FlashFace: Human Image Personalization with High-fidelity Identity Preservation

Shilong Zhang,Lianghua Huang,Xi Chen,Yifei Zhang,Zhi-Fan Wu,Yutong Feng,Wei Wang,Yujun Shen,Yu Liu,Ping Luo
2024-03-26
Abstract:This work presents FlashFace, a practical tool with which users can easily personalize their own photos on the fly by providing one or a few reference face images and a text prompt. Our approach is distinguishable from existing human photo customization methods by higher-fidelity identity preservation and better instruction following, benefiting from two subtle designs. First, we encode the face identity into a series of feature maps instead of one image token as in prior arts, allowing the model to retain more details of the reference faces (e.g., scars, tattoos, and face shape ). Second, we introduce a disentangled integration strategy to balance the text and image guidance during the text-to-image generation process, alleviating the conflict between the reference faces and the text prompts (e.g., personalizing an adult into a "child" or an "elder"). Extensive experimental results demonstrate the effectiveness of our method on various applications, including human image personalization, face swapping under language prompts, making virtual characters into real people, etc. Project Page:
Computer Vision and Pattern Recognition
What problem does this paper attempt to address?

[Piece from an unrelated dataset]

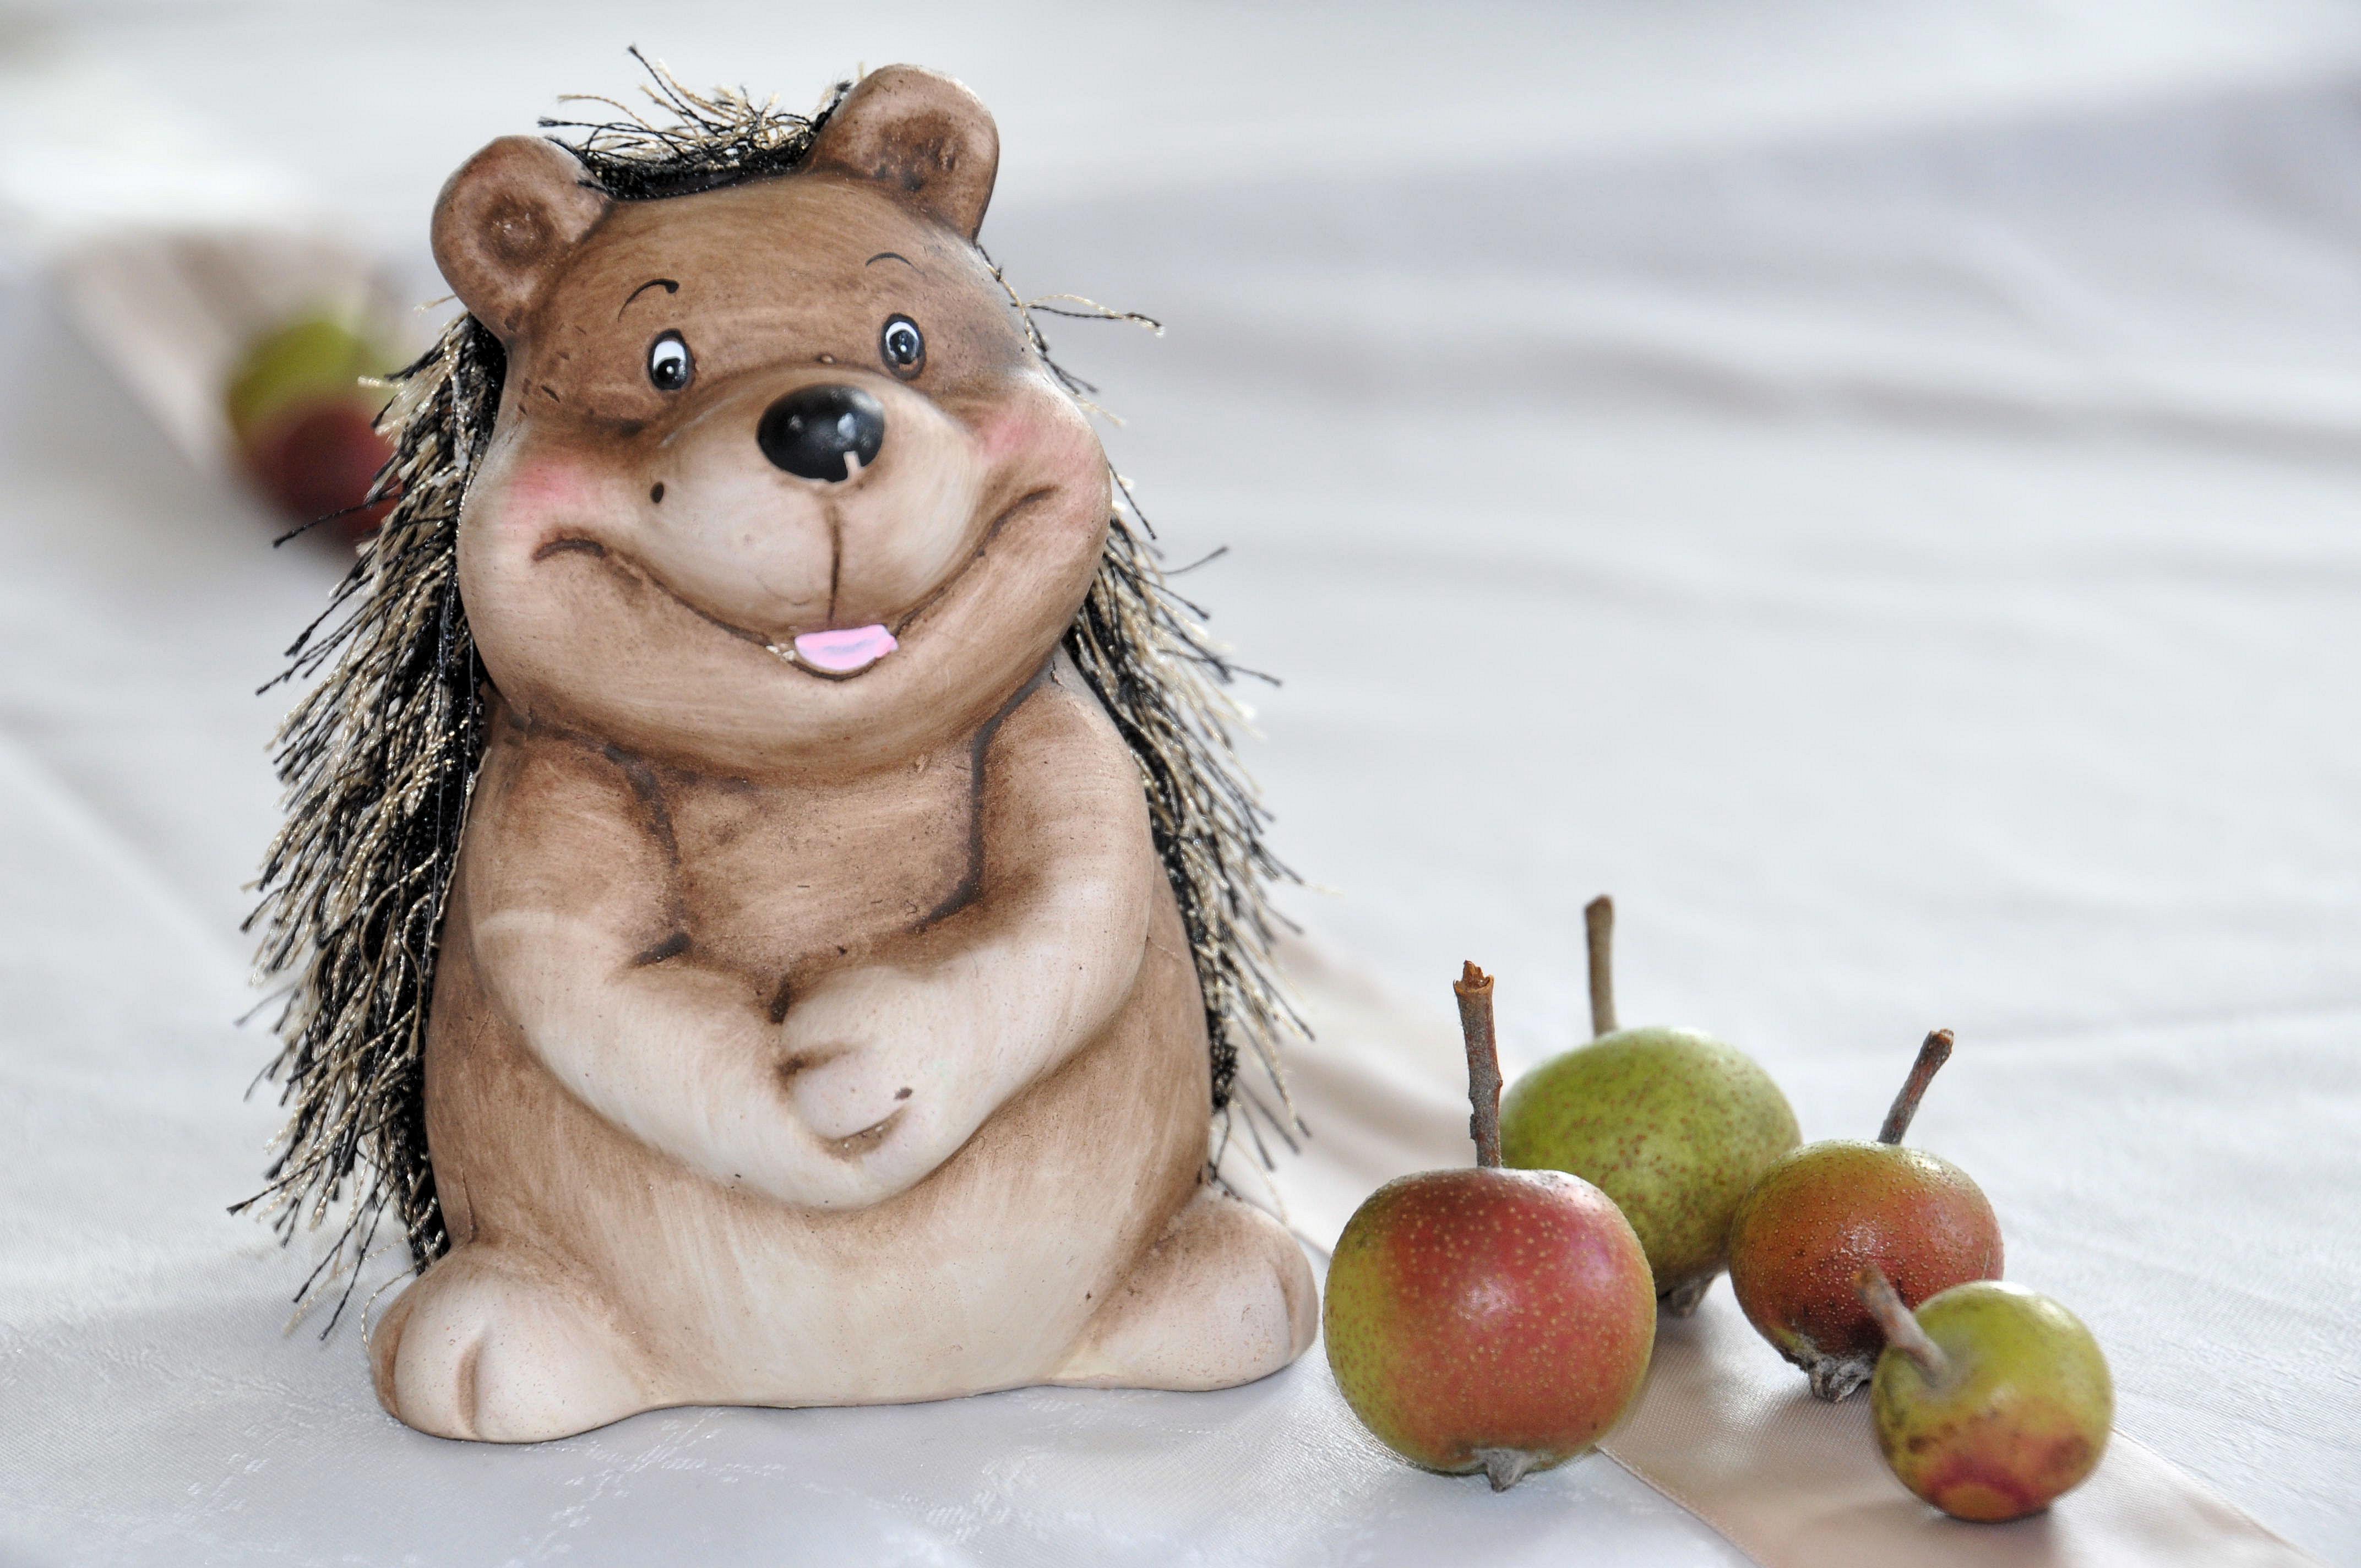 Äpfel SinnSationsGeschichten © Praxis Der Zuhörer - Steffen Zöhl - Charlottenburg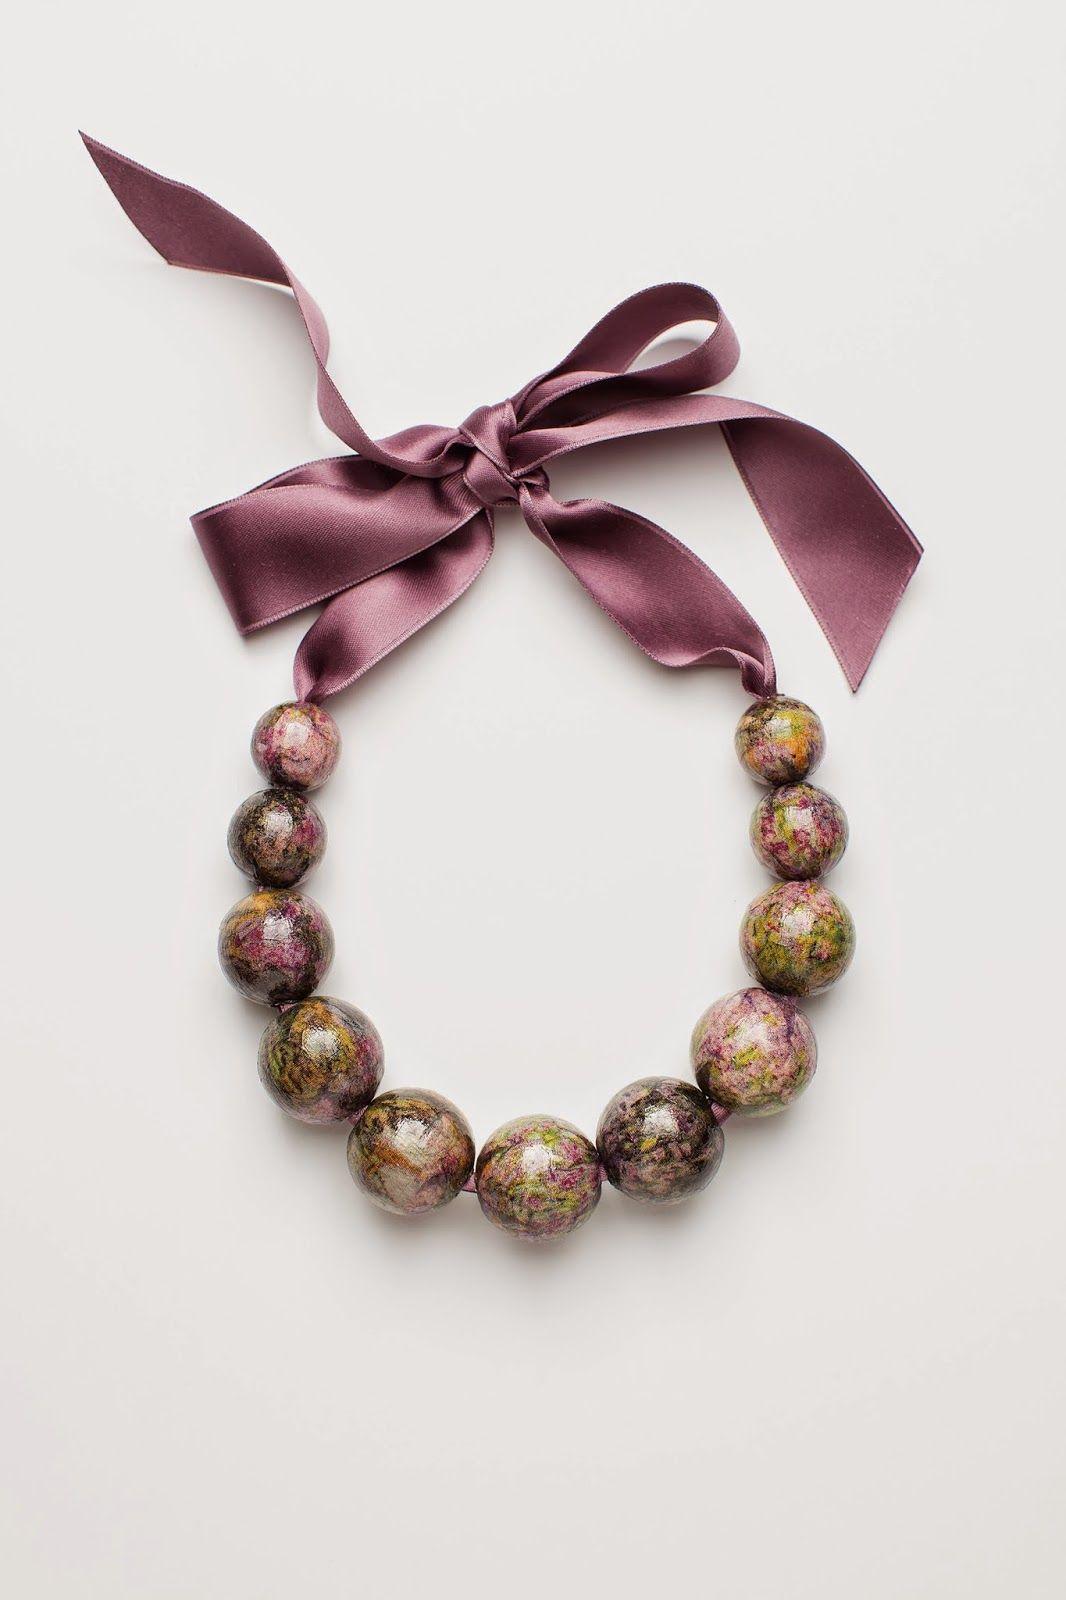 L'ah! Necklace ♥ Unique Handmade Jewelry

The problem that this paper attempts to solve is how to accurately follow text instructions while maintaining high - fidelity identity characteristics when generating personalized human images. Specifically, there are two main problems in existing methods during the generation process: 1. **Insufficient Facial Detail Preservation**: When encoding the reference face into one or several tokens, the spatial representation will be lost, resulting in the generated image being unable to well preserve the shape and details of the reference face. 2. **Imprecise Language Control**: Existing methods perform poorly when dealing with conflicts between text prompts and reference images. For example, when personalizing an adult as a "child" or an "elderly person", they usually cannot accurately follow the text prompts. To solve these problems, the paper proposes the **FlashFace** method, with the following two key technological improvements: 1. **Feature Map Encoding**: Use the reference network to encode the reference image into a series of feature maps instead of a single token, thereby preserving more facial detail information. 2. **Decoupled Integration Strategy**: Introduce a decoupled integration strategy to separately process the control signals of the reference image and the text prompt in the U - Net, balance the influence of the two, and improve the ability to accurately follow text instructions. These improvements make FlashFace perform excellently in various applications, including personalized human image generation, face - swapping based on language prompts, converting virtual characters into real people, etc.